Personally, even if I’d looked up how to fix my car on YouTube and I gave it a go, if I were knackering up my car I would see a good mechanic. I need to get to work and get to social events. I can’t afford to go too long with my car being out of action. I have to swallow my pride and see a professional.

Now change the above statement from car to body and replace mechanic with personal trainer. You get the idea.

Joining a gym or embarking on any fitness goal doesn’t have to be 7 days a week, intense, gruelling or time consuming. But you do need to know how to use the time that you do have productively and safely.

Nike was almost right with their ‘Just Do It’ tag line. Mine is ‘Just Do It, But Do It Correctly.’

Giving Pain The Elbow

An unusual pain came over my elbow as I trained a couple of weeks ago. I say elbow, but it seems to stem from the brachialis. It wasn’t debilitating, but it was noticeable in my everyday movement which was uncomfortable.

Having trained Monday to Friday plus a few occasions where I’ve trained twice a day, I put it down to over training. Ok, I thought, with the half term holiday for a week around the corner, I decided to take a step back to recover. My readers will be aware that I will take school half term holiday off from the gym for a number of reasons, but the biggest by far is that my kids are at home and I appreciate spending time with them. Of course, I still have to be in the gym for my clients, but I rarely stick around to train myself. It gives me a natural break from it. And on this occasion, it seemed like I needed it.

But as the week went by, my arm became even worse. It went from a sharp pain to becoming a constant dull ache.

My advice to my trainees in this situation is…

* Always listen to your body. If you can’t train then take it easy and have a few days off (or train a different part of the body) but

* If you feel that you can train through the pain, you might find that the pain will ease.
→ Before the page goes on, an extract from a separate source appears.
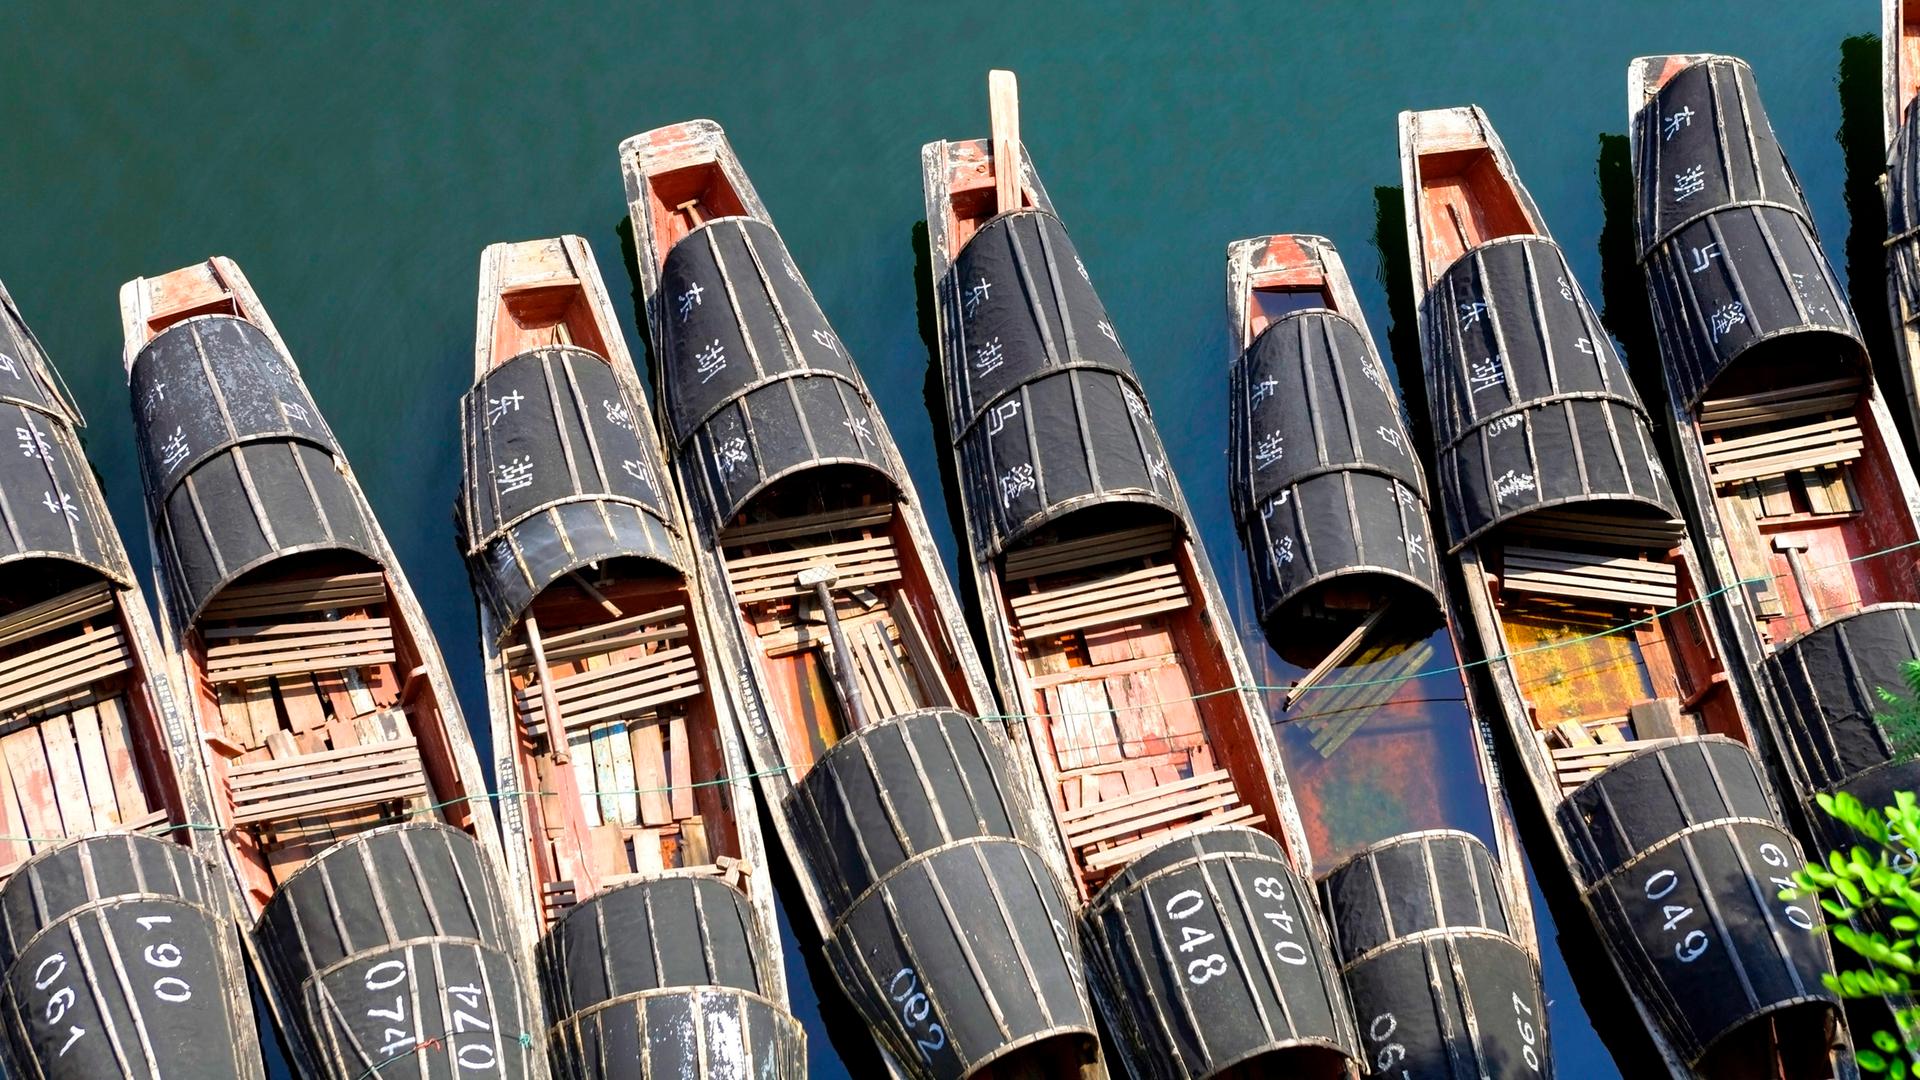 Vogelperspektive auf traditionelle chinesische Boote im Wasser

It was totally coincidental that I had to take it easy after my injury due to the half term holiday, but I didn’t feel that my lay off was doing it any good at all. In fact, the pain was getting worse. Once I got back to the gym, plan B was in place. I trained through the pain.

And now, after a week back at training as normal, my injury has almost totally disappeared.

When my kids have a fall at football and start crying I assess the situation very quickly. I need to know where it hurts. Are there any cuts? Is it bleeding? But 99% of the time it has been a case of telling them to ‘run it off’. I’ve no doubt that it hurts at the time and there might be niggling pain associated with it afterwards, but I think that there’s usually a good case for ‘running it off’.

Training through minor injuries allows the body to maintain strength and conditioning, therefore enabling an injury to heal. But this must be up to each individual’s honest assessment. If you blame any twinge or niggle on not training because you can’t be bothered, then you might as well just be honest with yourself and admit that you can’t be bothered. However, if an injury is seriously affecting your performance or your life outside of the gym then giving the gym a miss and seeking professional advice might be an appropriate course of action.

Either way, be sure to give pain the elbow.